_DATA SECTION_

__________

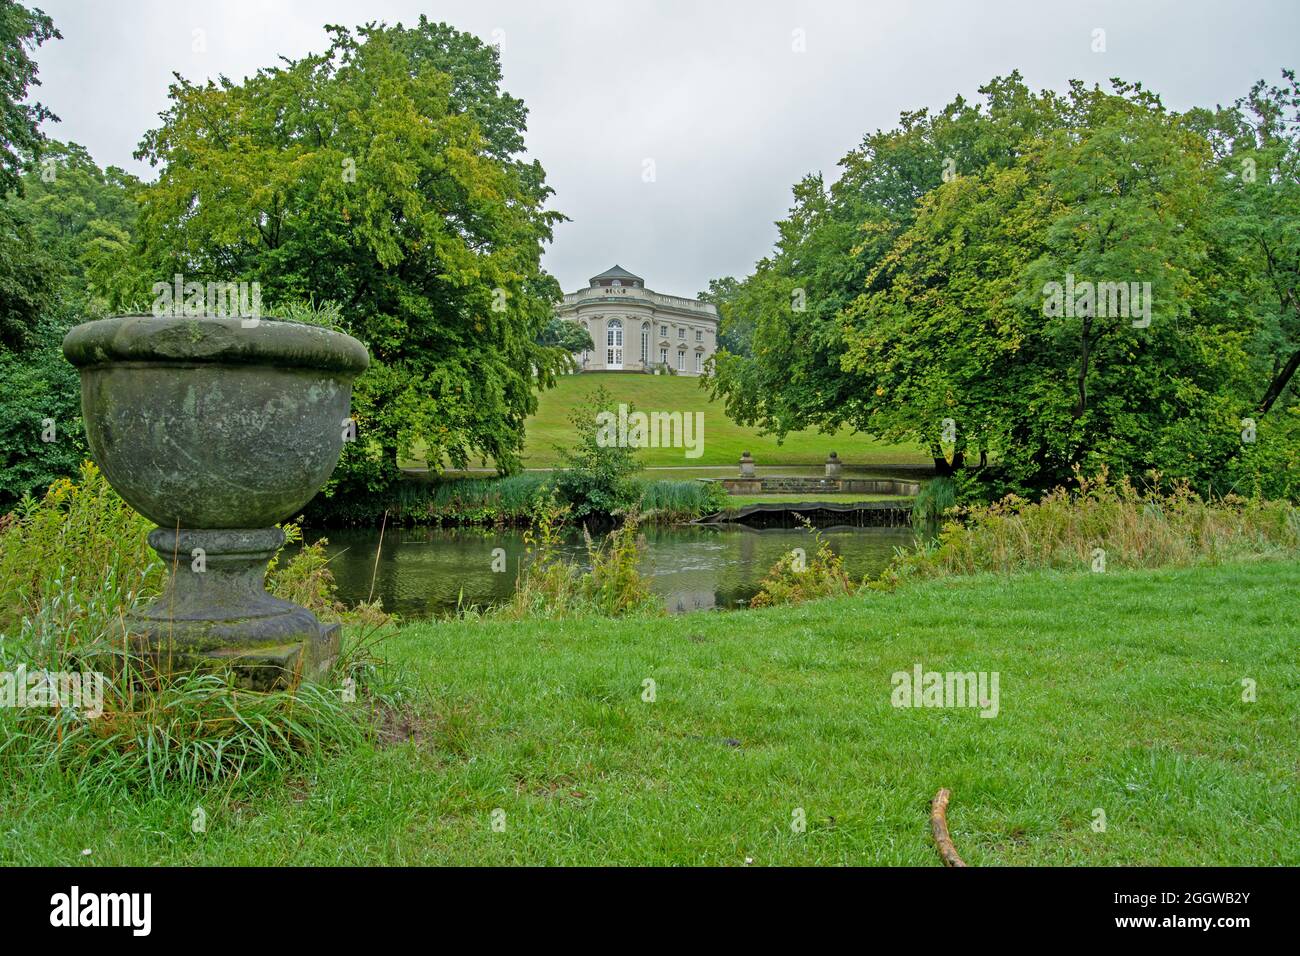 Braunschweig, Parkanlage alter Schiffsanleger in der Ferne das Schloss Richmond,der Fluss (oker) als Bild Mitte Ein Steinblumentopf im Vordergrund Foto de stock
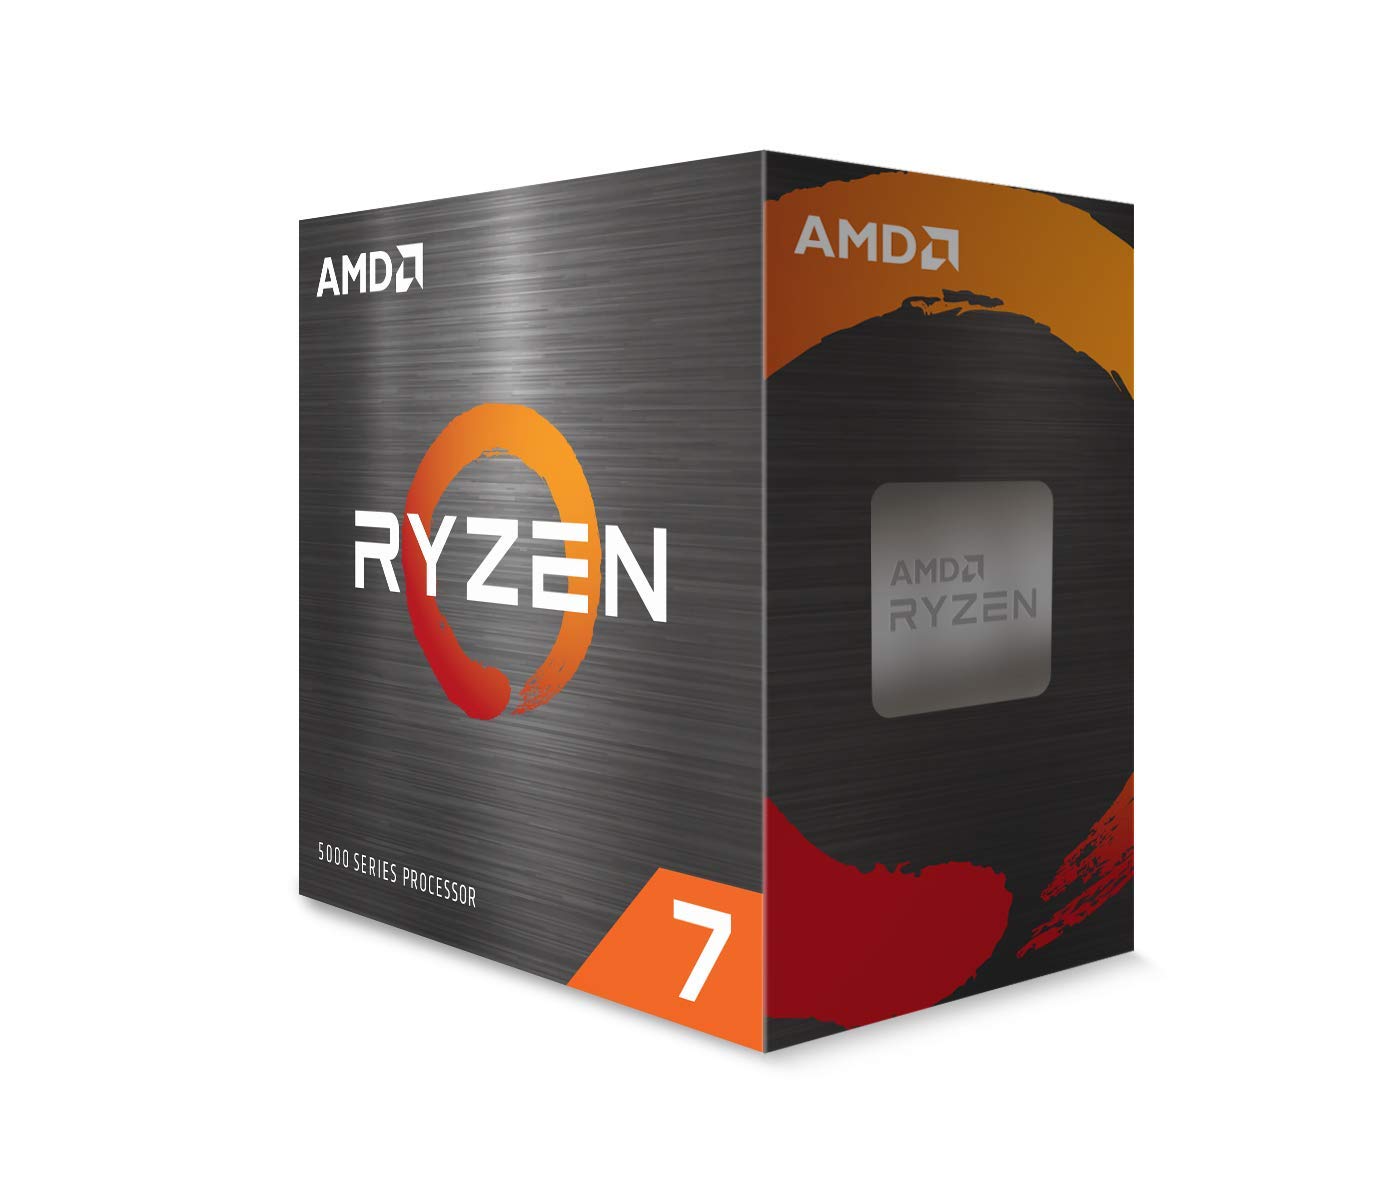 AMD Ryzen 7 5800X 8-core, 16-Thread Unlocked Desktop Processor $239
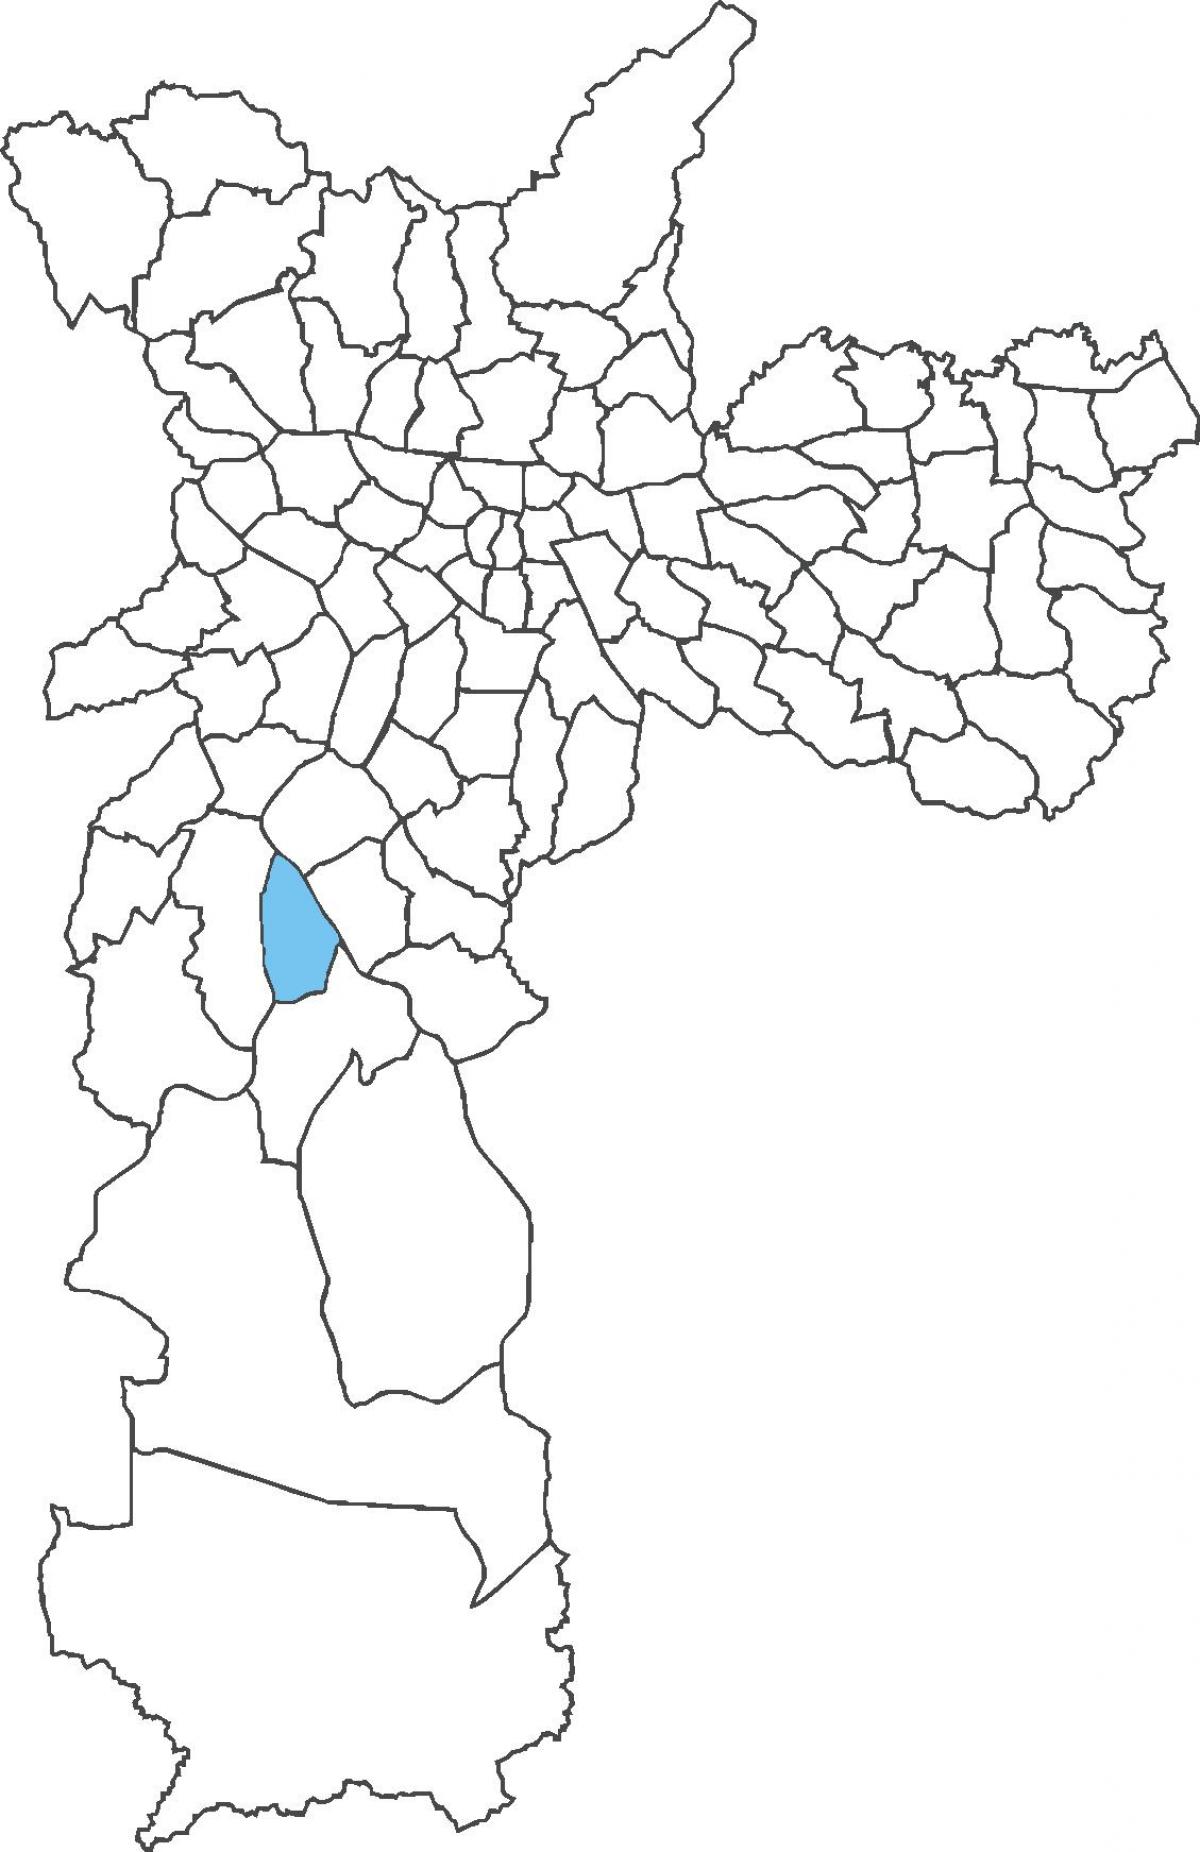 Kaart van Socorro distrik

__________

_EXERCISE_
Output the material word for word. Pictures do not go in.

_TASK RESULT_
 Braunschweig, Parkanlage alter Schiffsanleger in der Ferne das Schloss Richmond,der Fluss (oker) als Bild Mitte Ein Steinblumentopf im Vordergrund Foto de stock
 AMD Ryzen 7 5800X 8-core, 16-Thread Unlocked Desktop Processor $239
 Kaart van Socorro distrik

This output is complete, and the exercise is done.